** Opening EXERCISE MATERIAL block **

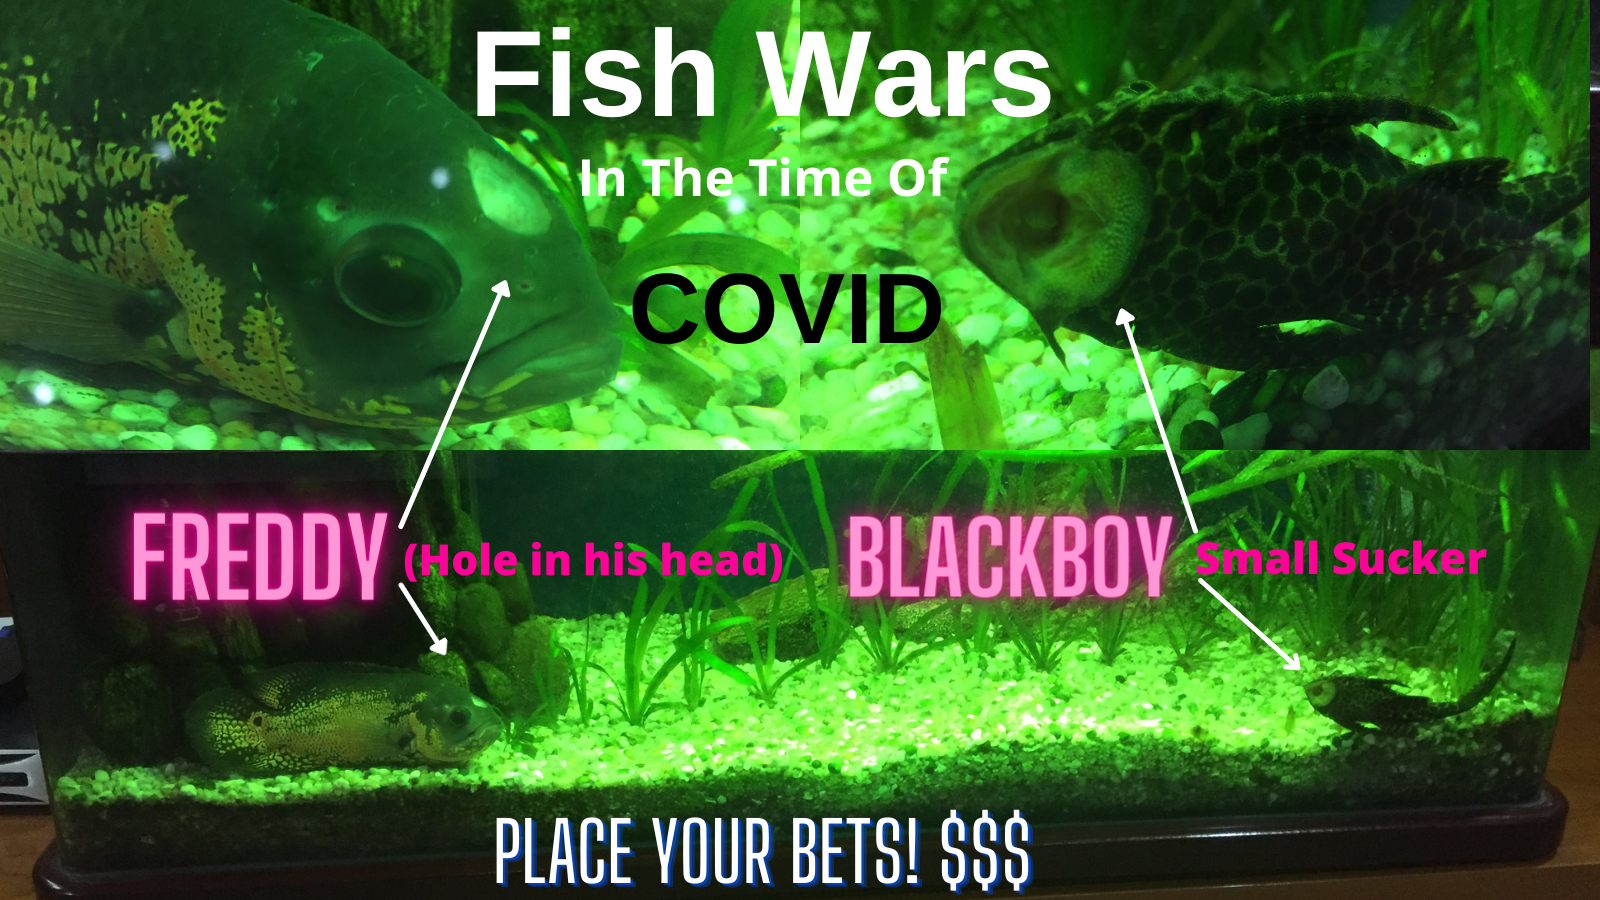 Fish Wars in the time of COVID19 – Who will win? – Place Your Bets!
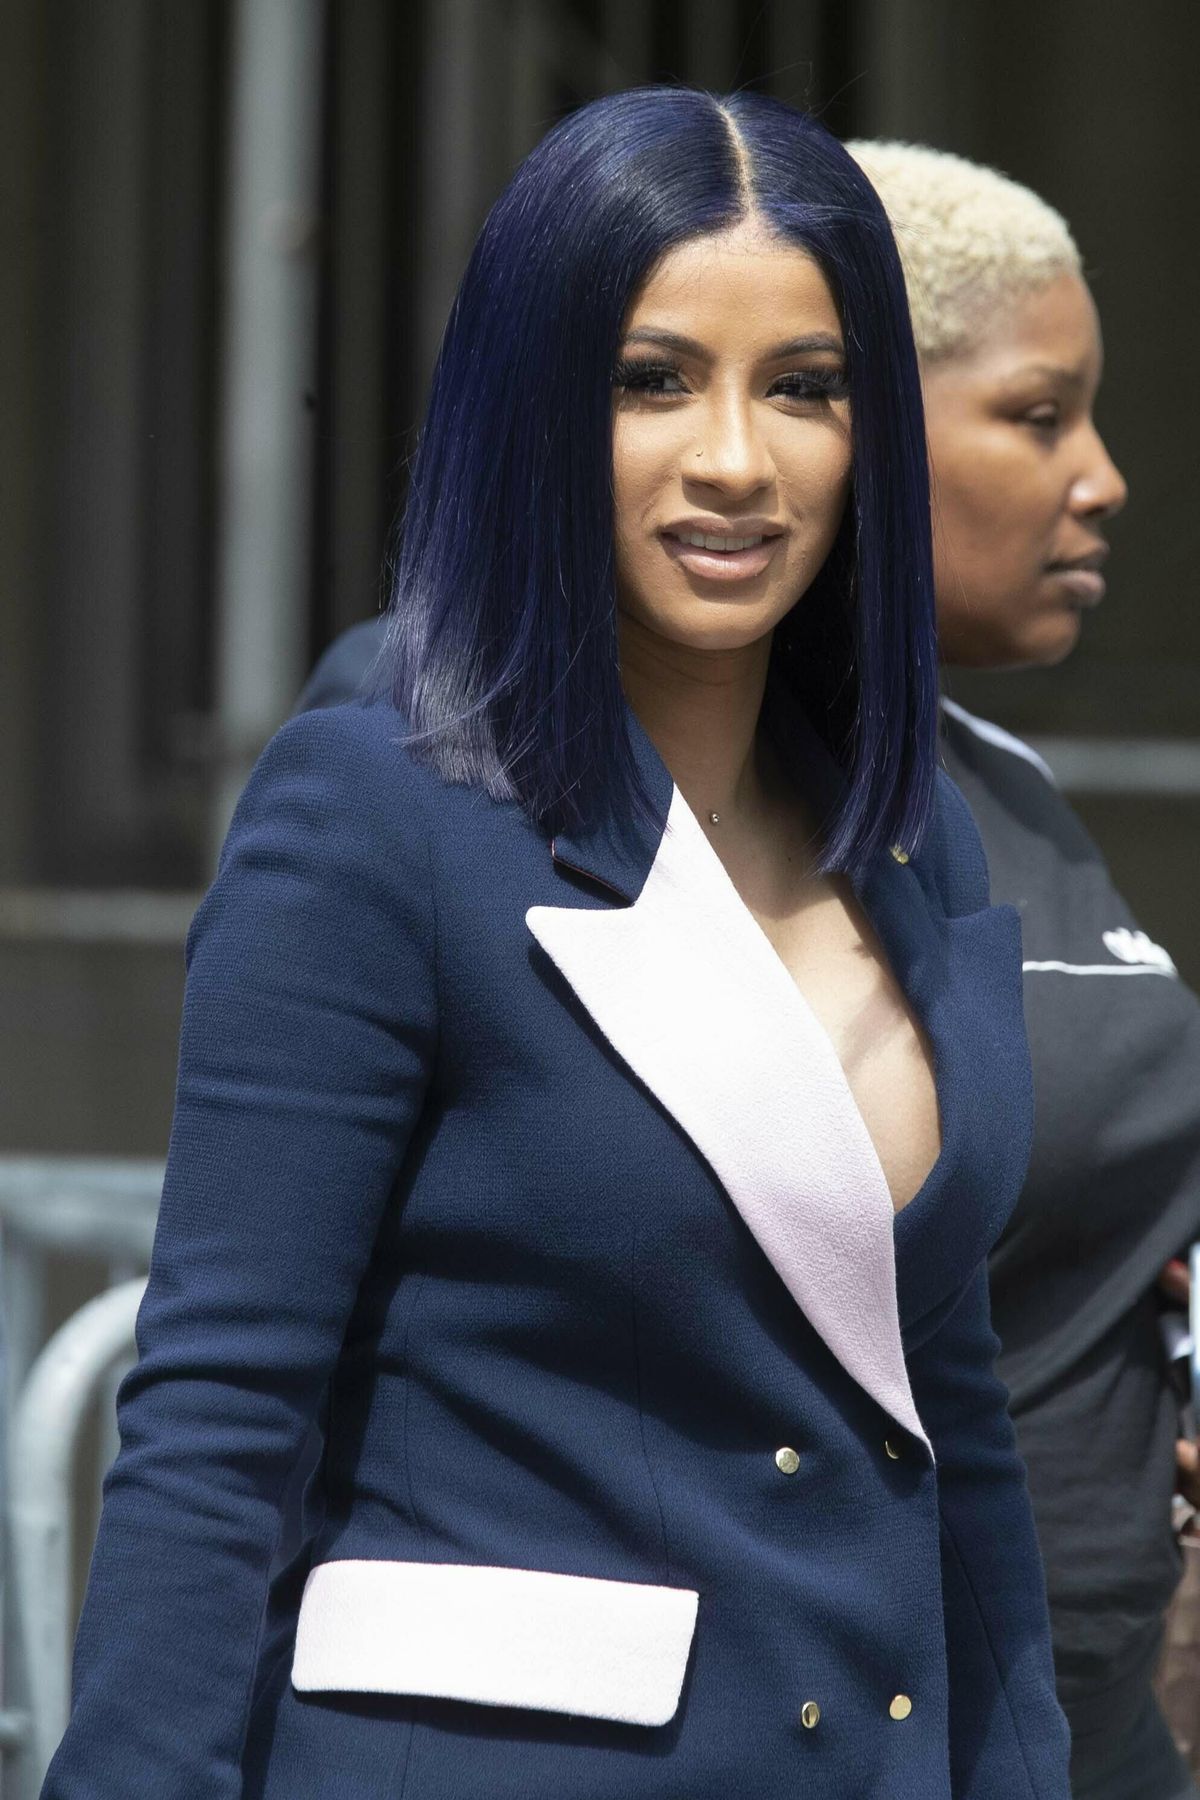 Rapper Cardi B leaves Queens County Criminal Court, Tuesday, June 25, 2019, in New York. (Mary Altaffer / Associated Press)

** Closing EXERCISE MATERIAL block **
** Opening EXERCISE MATERIAL block **

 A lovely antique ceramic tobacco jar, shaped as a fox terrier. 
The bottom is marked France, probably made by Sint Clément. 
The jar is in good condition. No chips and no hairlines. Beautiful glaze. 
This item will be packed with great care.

** Closing EXERCISE MATERIAL block **
** Opening EXERCISE MATERIAL block **

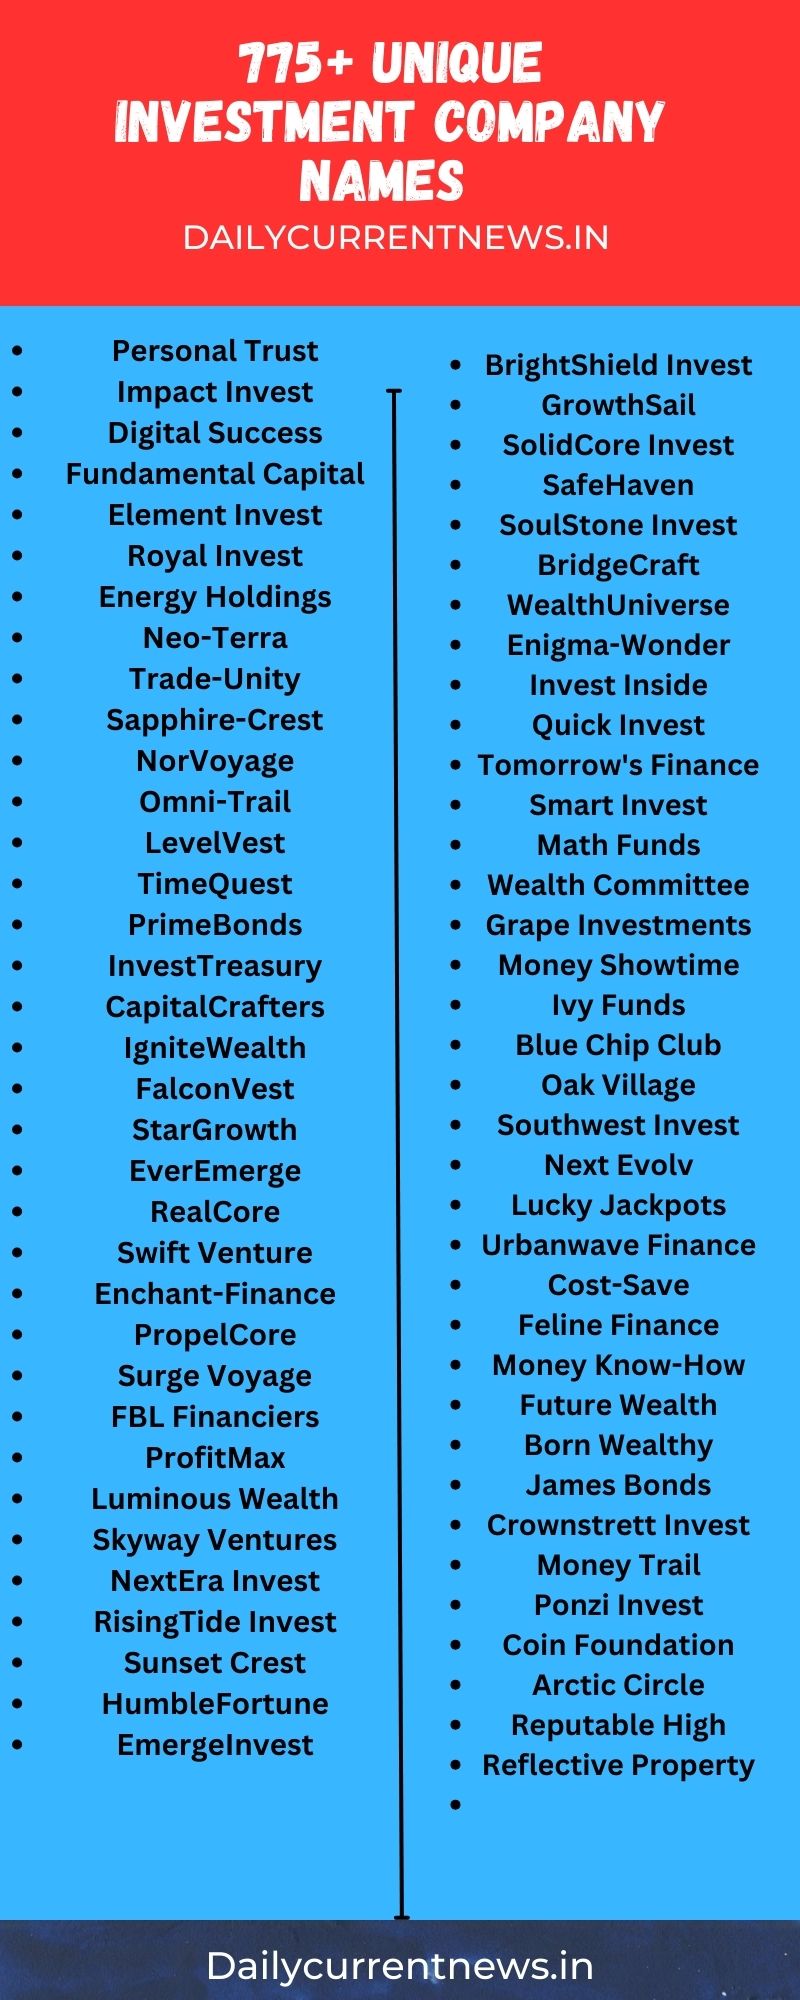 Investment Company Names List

** Closing EXERCISE MATERIAL block **

◆ **WORK TASK**:
Everything from the line with "Fish Wars in" down to the line with "Rapper Cardi B" in the data above should be copied exactly, with both end lines kept and the pictures left out.

◆ **RESULT FOR THIS TASK**:
 Fish Wars in the time of COVID19 – Who will win? – Place Your Bets!
 Rapper Cardi B leaves Queens County Criminal Court, Tuesday, June 25, 2019, in New York. (Mary Altaffer / Associated Press)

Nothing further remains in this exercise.